(Corrects Aug 22 story, para 8, to show SWISS 777s not yet in
Aug 22 Deutsche Lufthansa AG's board
of directors and supervisory board are expected to approve in
mid-September an order for about 50 wide-body jets worth more
than $10 billion at list prices, according to two people
familiar with the matter.
The German airline previously said it expected to place such
an order in the second half of 2013.
Lufthansa is evaluating Boeing Co's 787 Dreamliner,
Boeing's still-to-be-launched 777X, and Airbus's A350,
which made its maiden flight in June.
Final approval of the order is expected at Lufthansa's Sept.
18 supervisory board meeting, after the airline's executive
board makes a preliminary decision, the sources said.
Since most delivery slots for the new planes are booked
years in advance, Lufthansa is expected to buy the latest
versions of the planes, such as the recently launched 787-10,
the 777X-9 and the A350-1000, one of the sources said.
The order could be a mix of Boeing and Airbus aircraft, or
Lufthansa could choose to buy only one aircraft type or order
entirely from one plane maker, the sources said.
The new wide-body planes would replace 22 Boeing 747-400s
and more than 20 Airbus A340s currently in Lufthansa's fleet.
Lufthansa's fleet has no 777 passenger planes. Its cargo
operation has five 777 freighters on order, with the first
delivery due in October. Lufthansa's Austrian subsidiary already
flies 777 passenger planes and its SWISS unit has six on order.
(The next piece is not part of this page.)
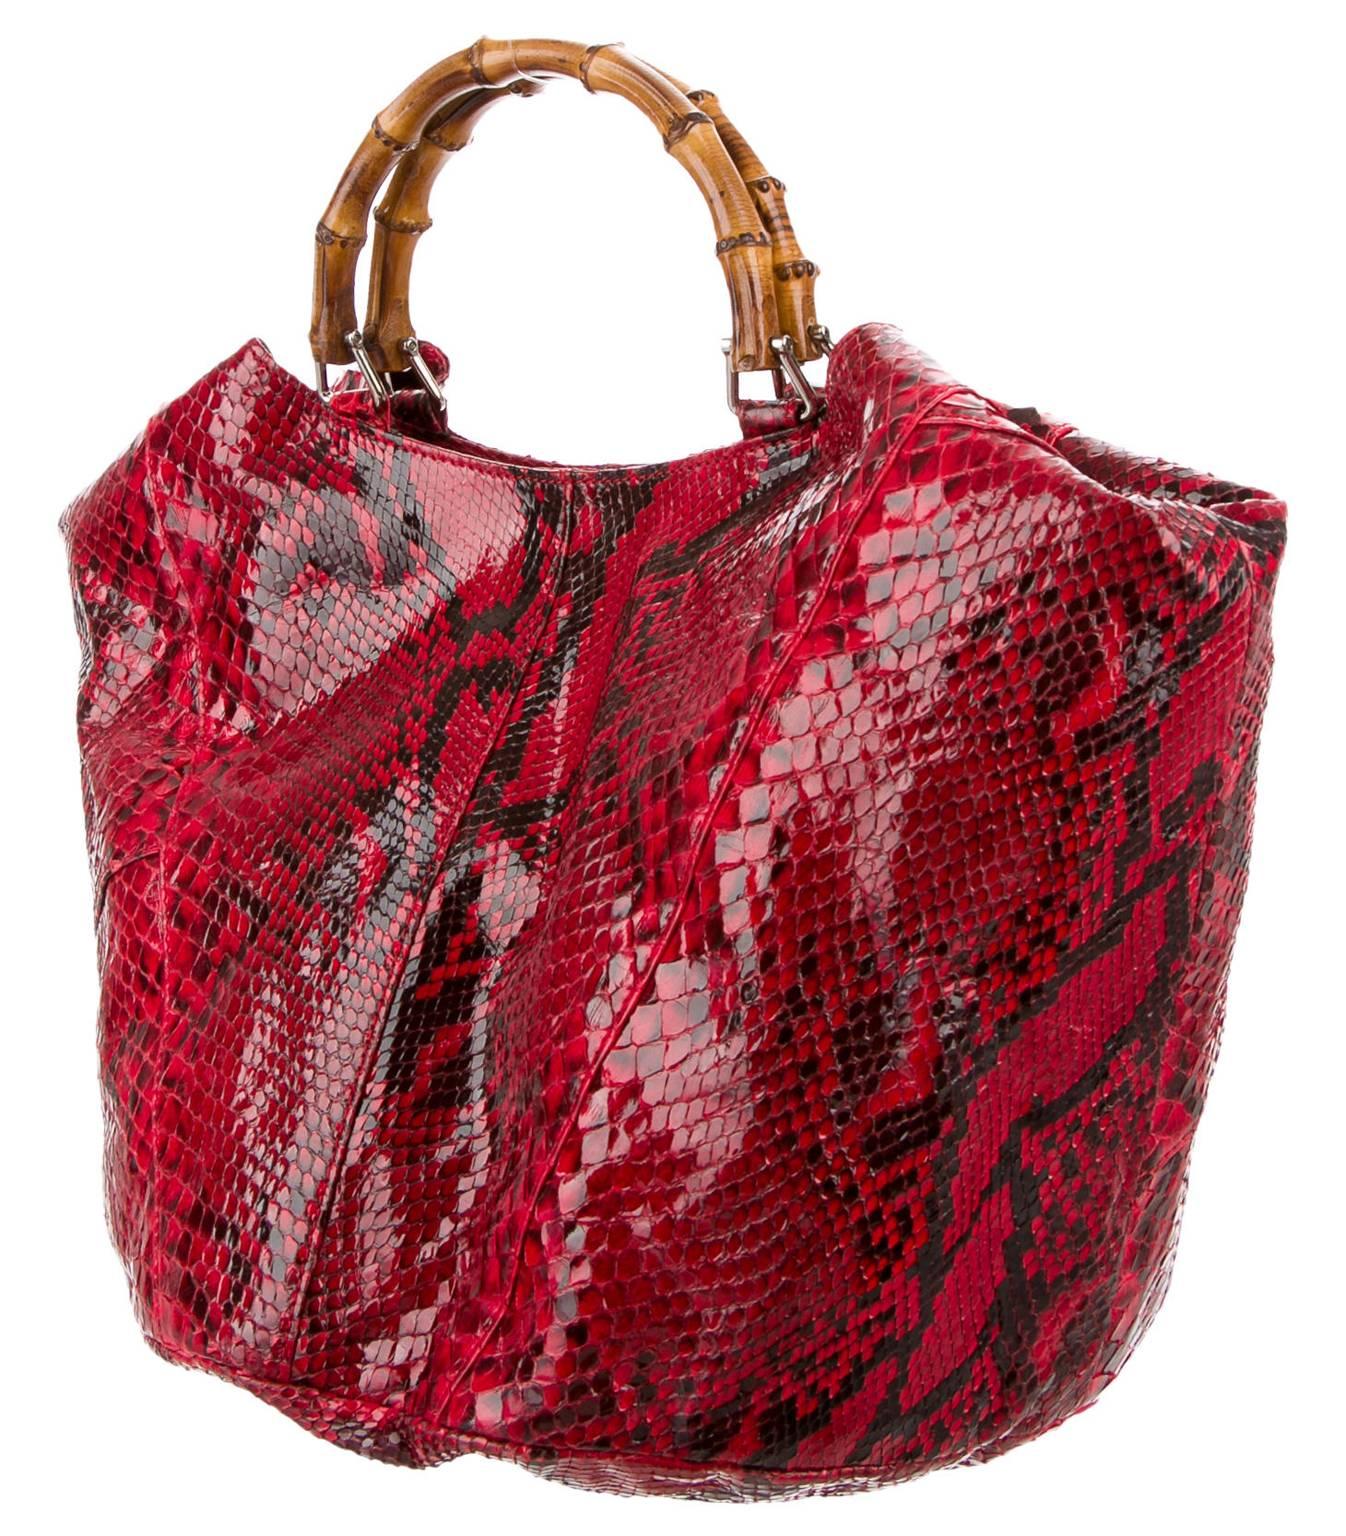 L'incroyable et iconique sac de campagne de Kate Moss, Tom Ford pour Gucci, printemps-été 1996, en cuir python, d'un rouge rarissime et absolument magnifique !

Depuis 2005, Iconic Collections est l'un des principaux collectionneurs mondiaux de Tom

The new wide-body planes likely would be delivered starting
in 2018 or 2019, so it is not yet known how many would be for
replacement of existing aircraft and how many would be for
growth, said one of the sources.
Lufthansa is considering the 787 Dreamliner even though the
new high-tech jet has suffered a string of problems, including
overheating batteries that prompted regulators to ground the
craft earlier this year.
In August, Lufthansa Chief Financial Officer Simone Menne
said the airline was not worried about problems with the
Dreamliner because "a lot of aircraft have teething problems in
the beginning, like the 747-400, and now it's flying absolutely
reliable for years and years and years."